* Dataset extract:

::::

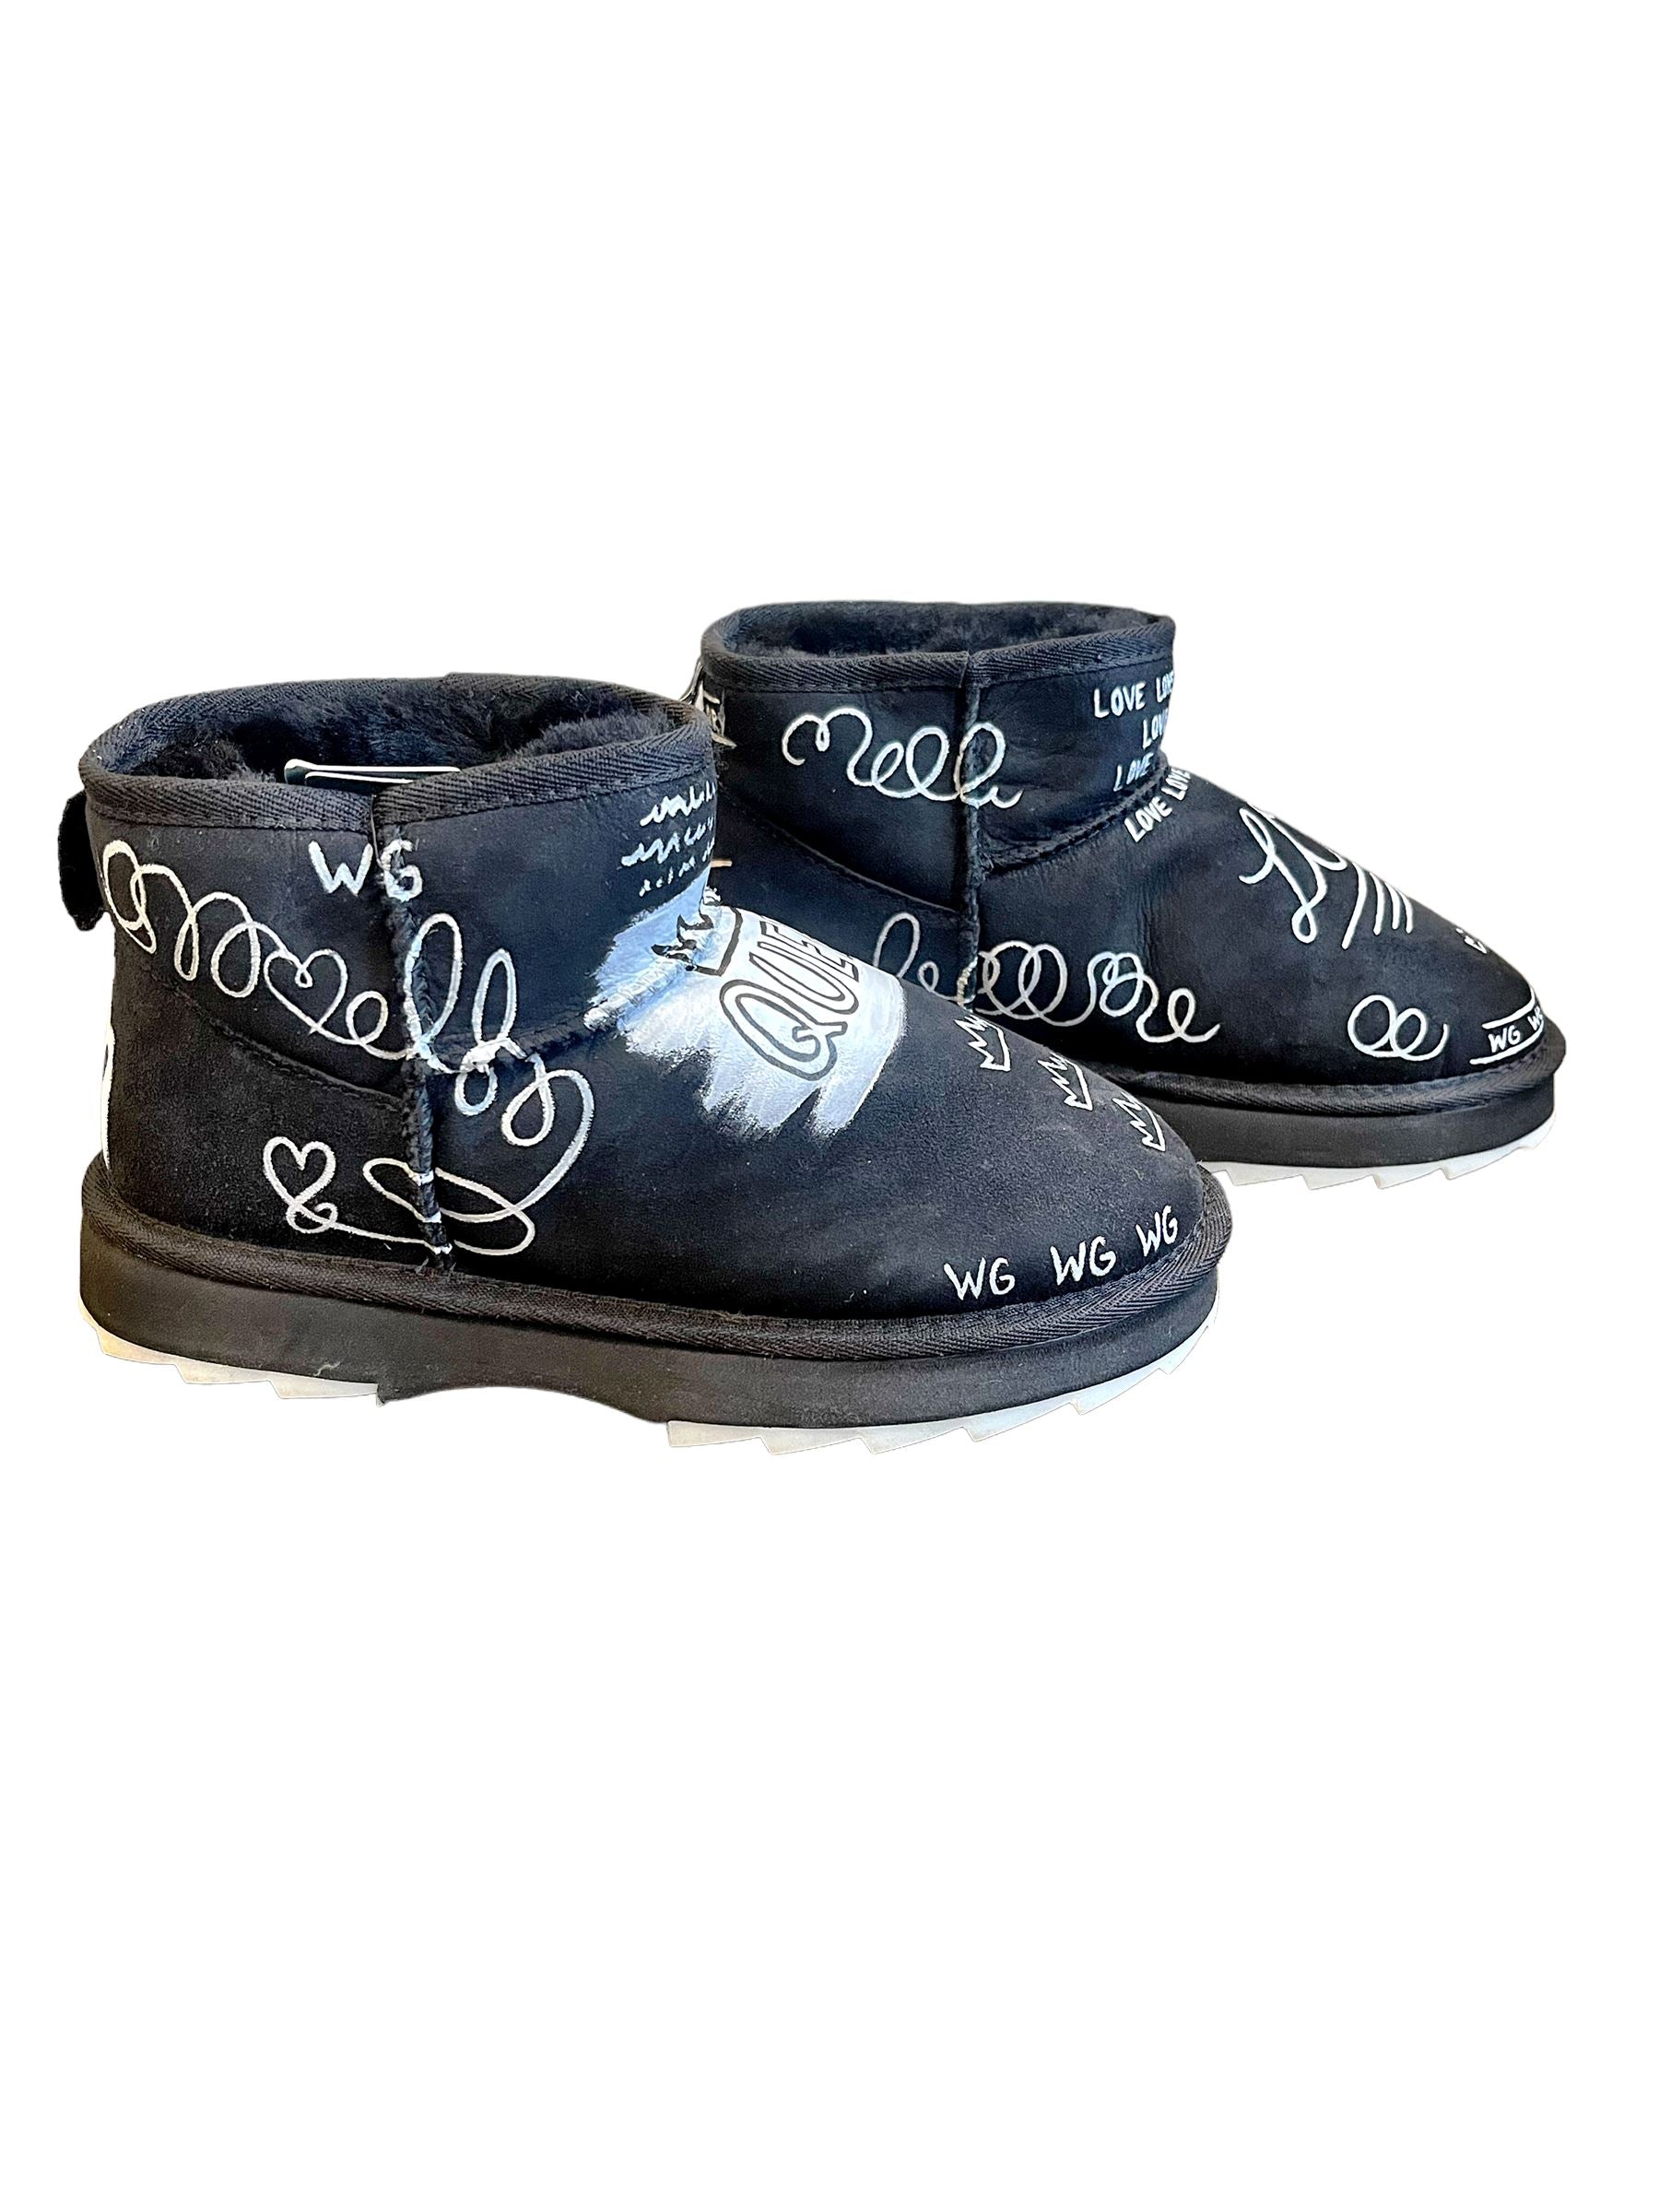 Graffiti Love' Painted Emu Boots
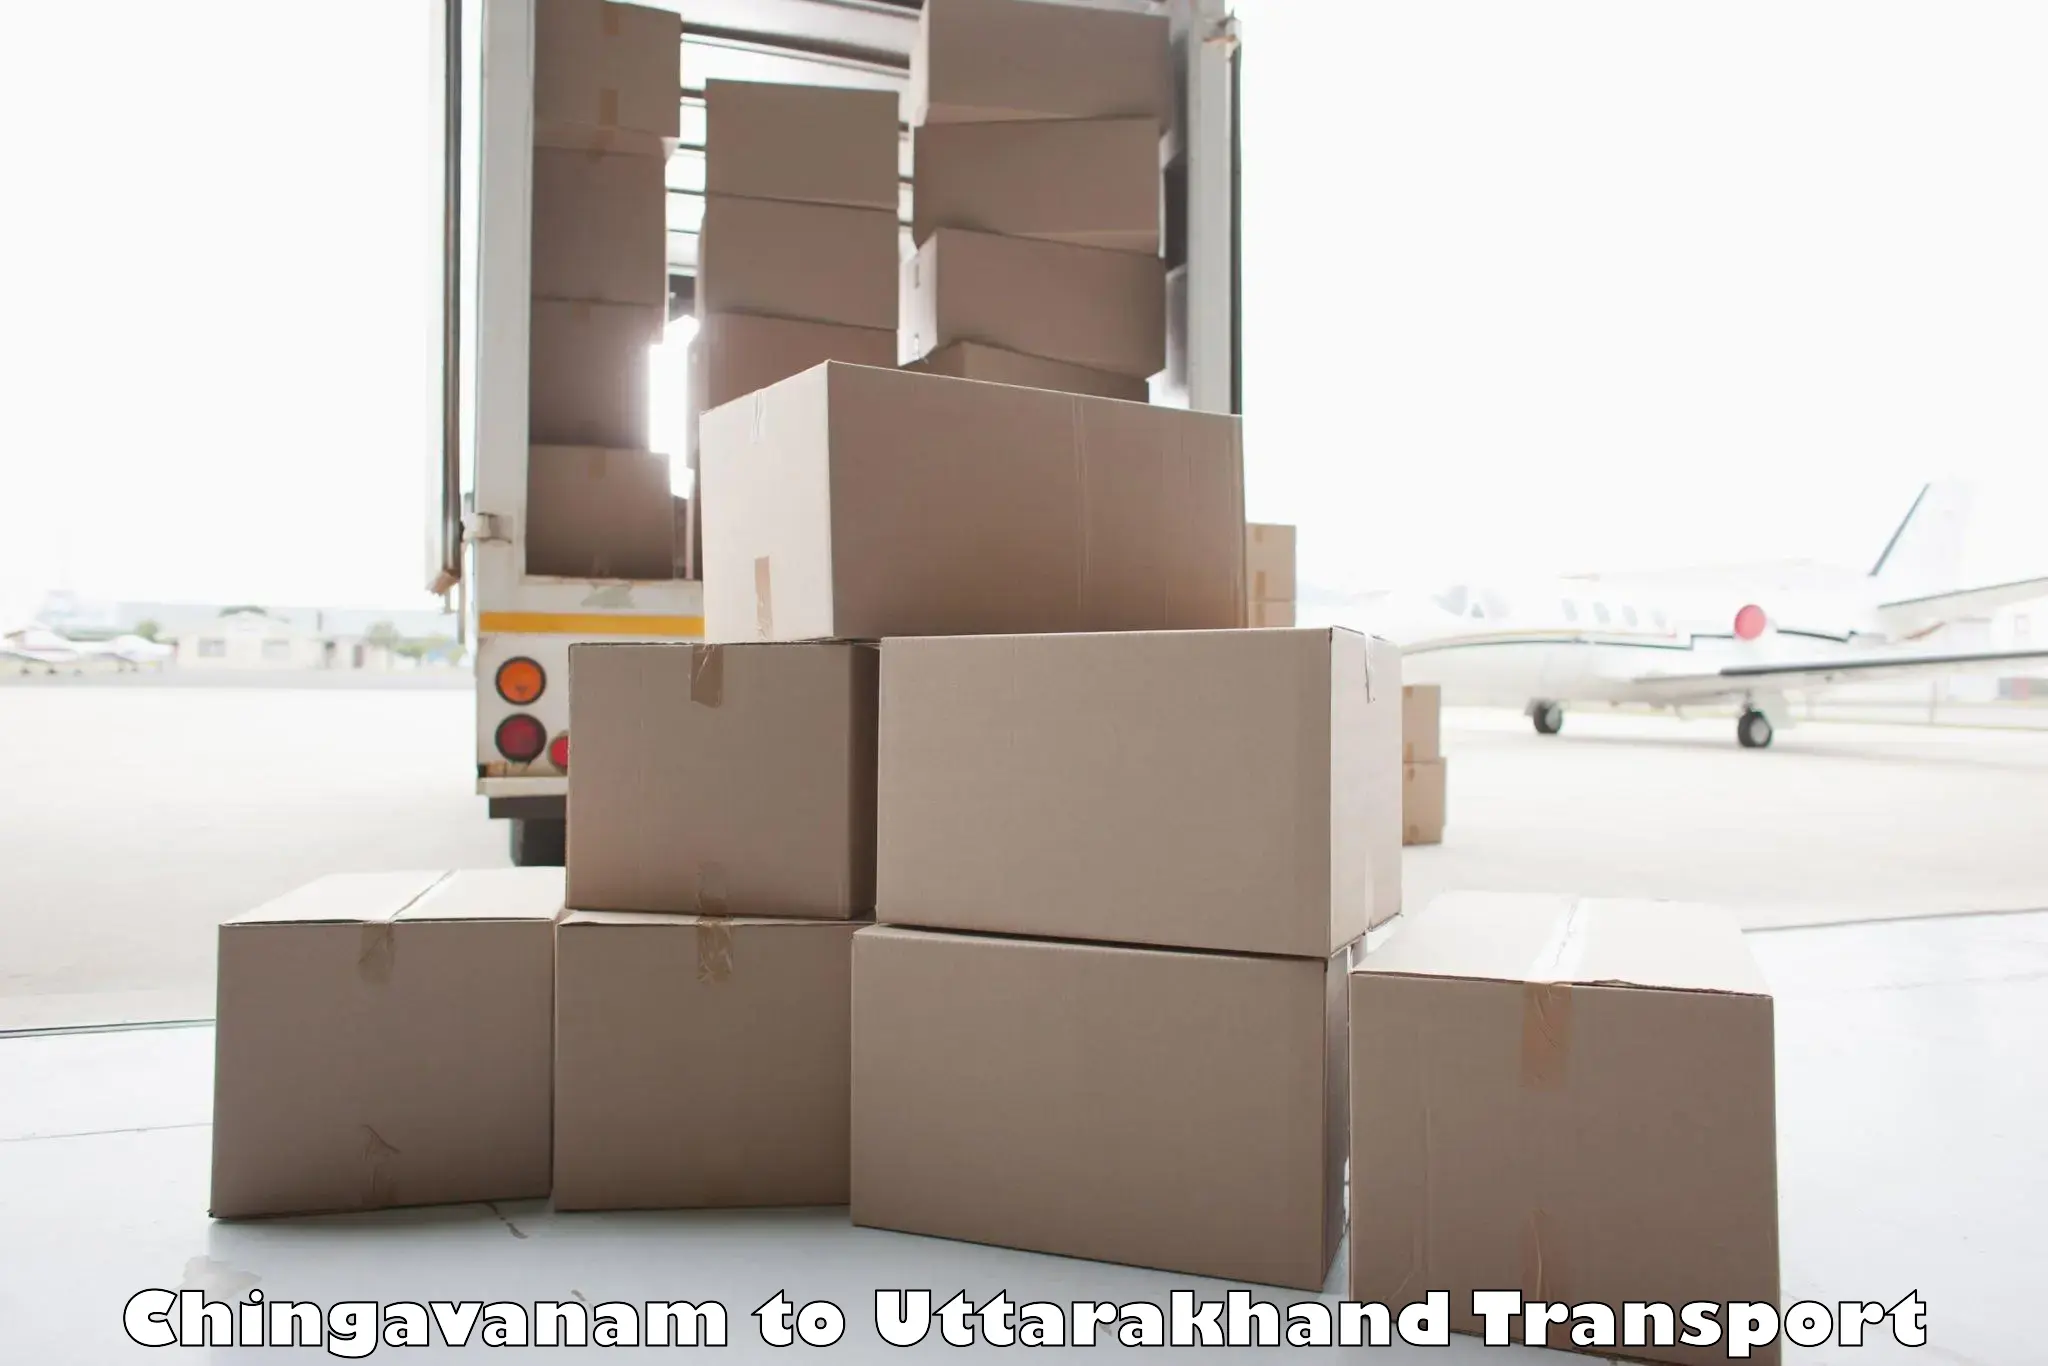 Truck transport companies in India Chingavanam to Uttarakhand
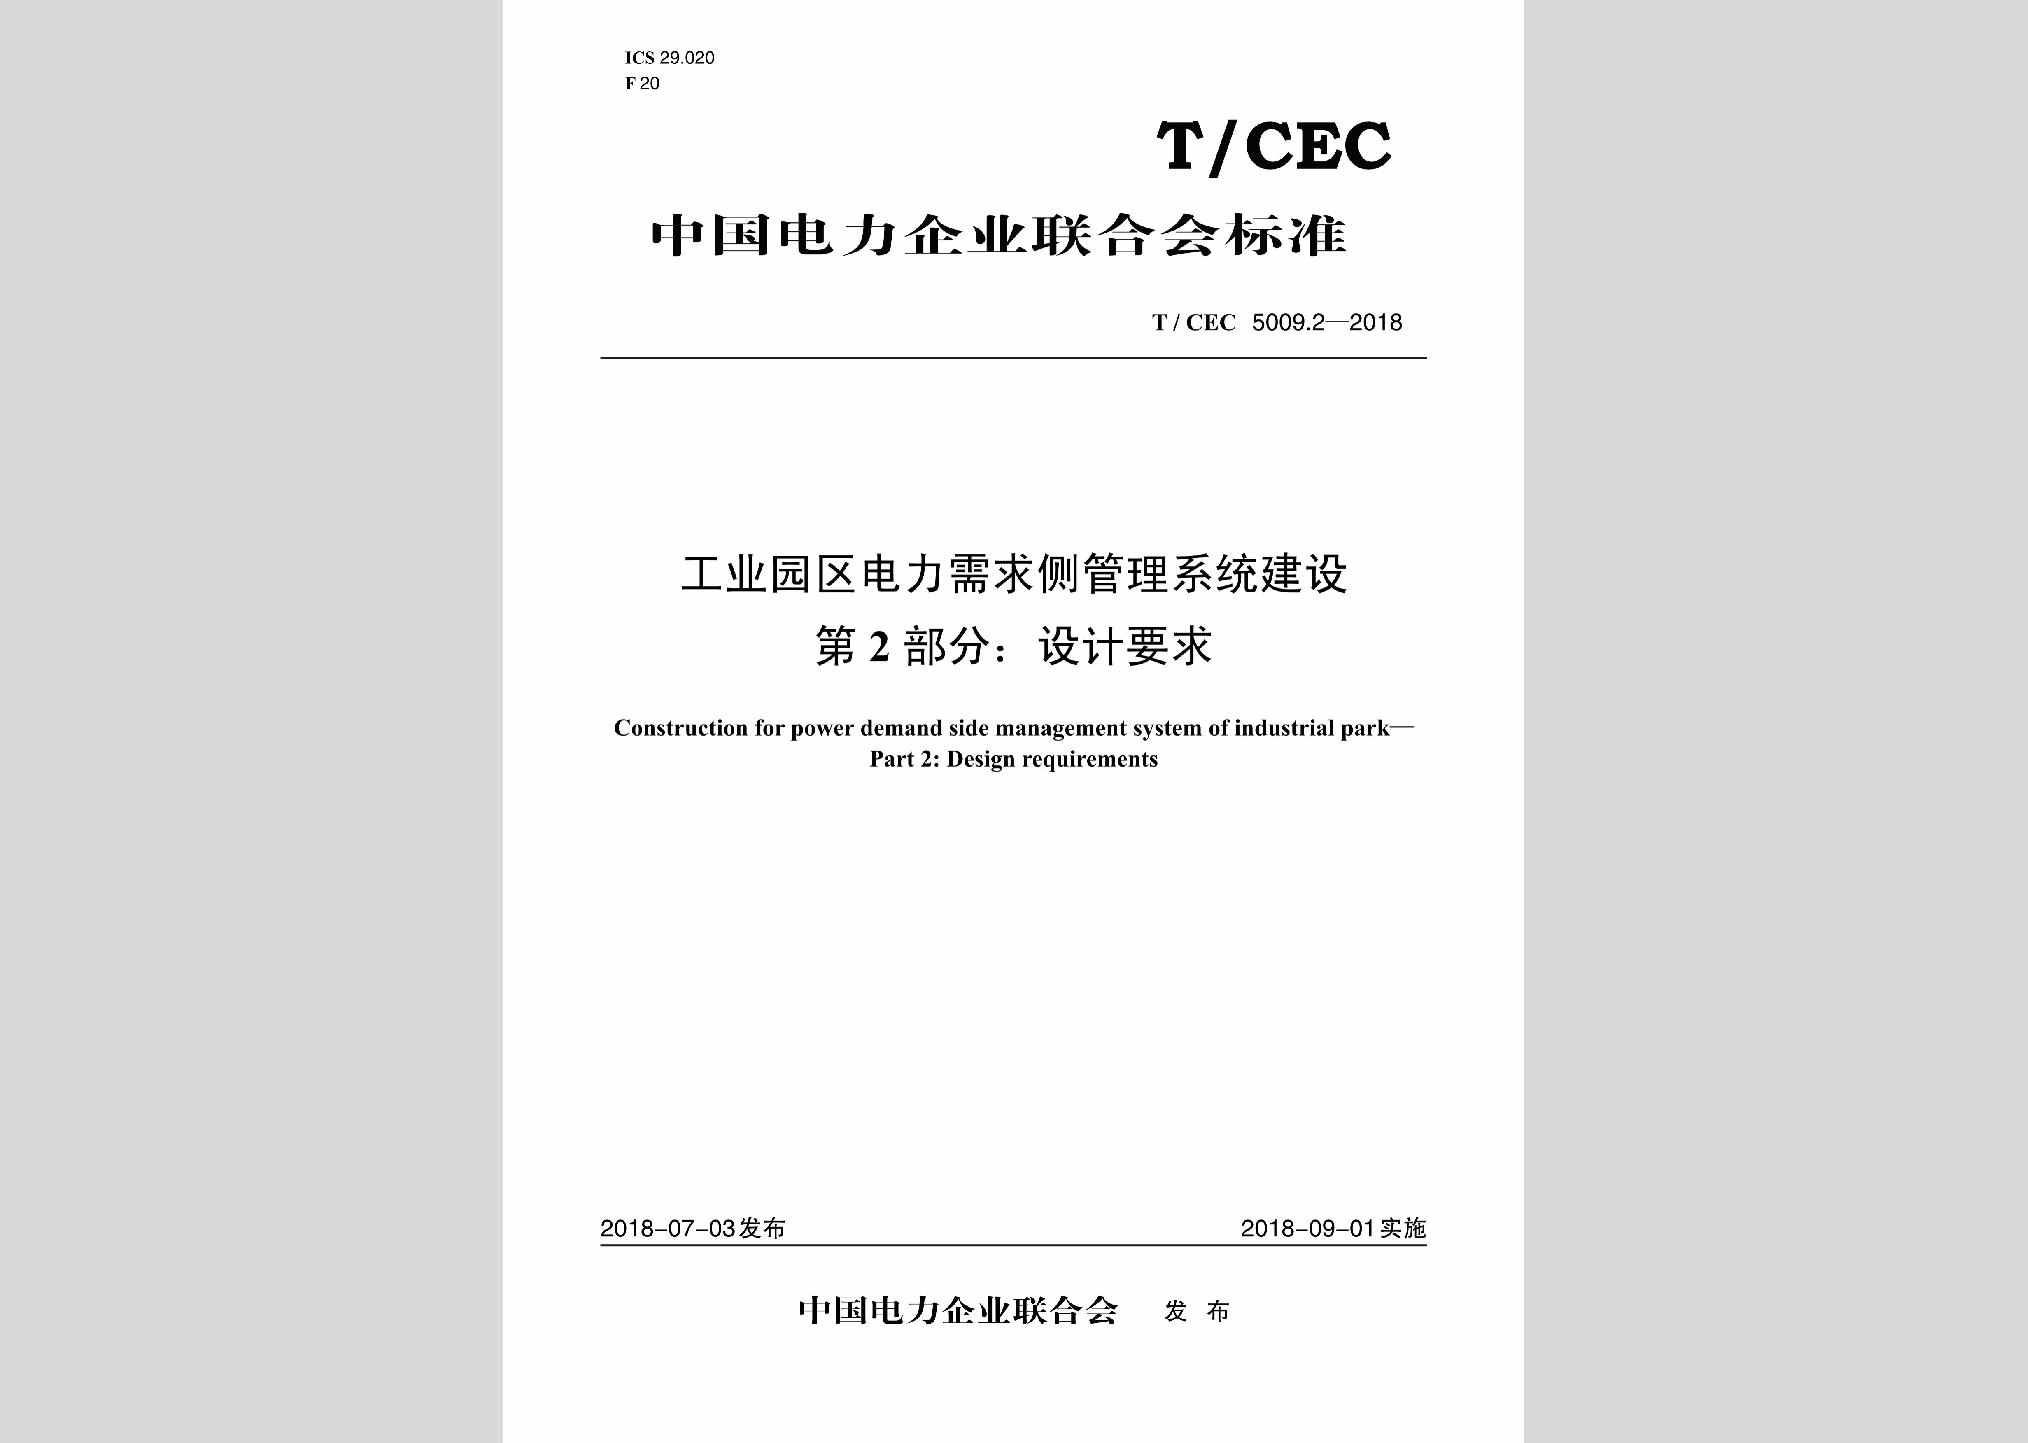 T/CEC5009.2-2018：工业园区电力需求侧管理系统建设第2部分:设计要求

::::

* What you have to do:
Transcribe exactly the lines above, running from the one that contains "Truck transport companies" through the final line of the listing, and skip every picture.

* Task output:
 Truck transport companies in India Chingavanam to Uttarakhand
 T/CEC5009.2-2018：工业园区电力需求侧管理系统建设第2部分:设计要求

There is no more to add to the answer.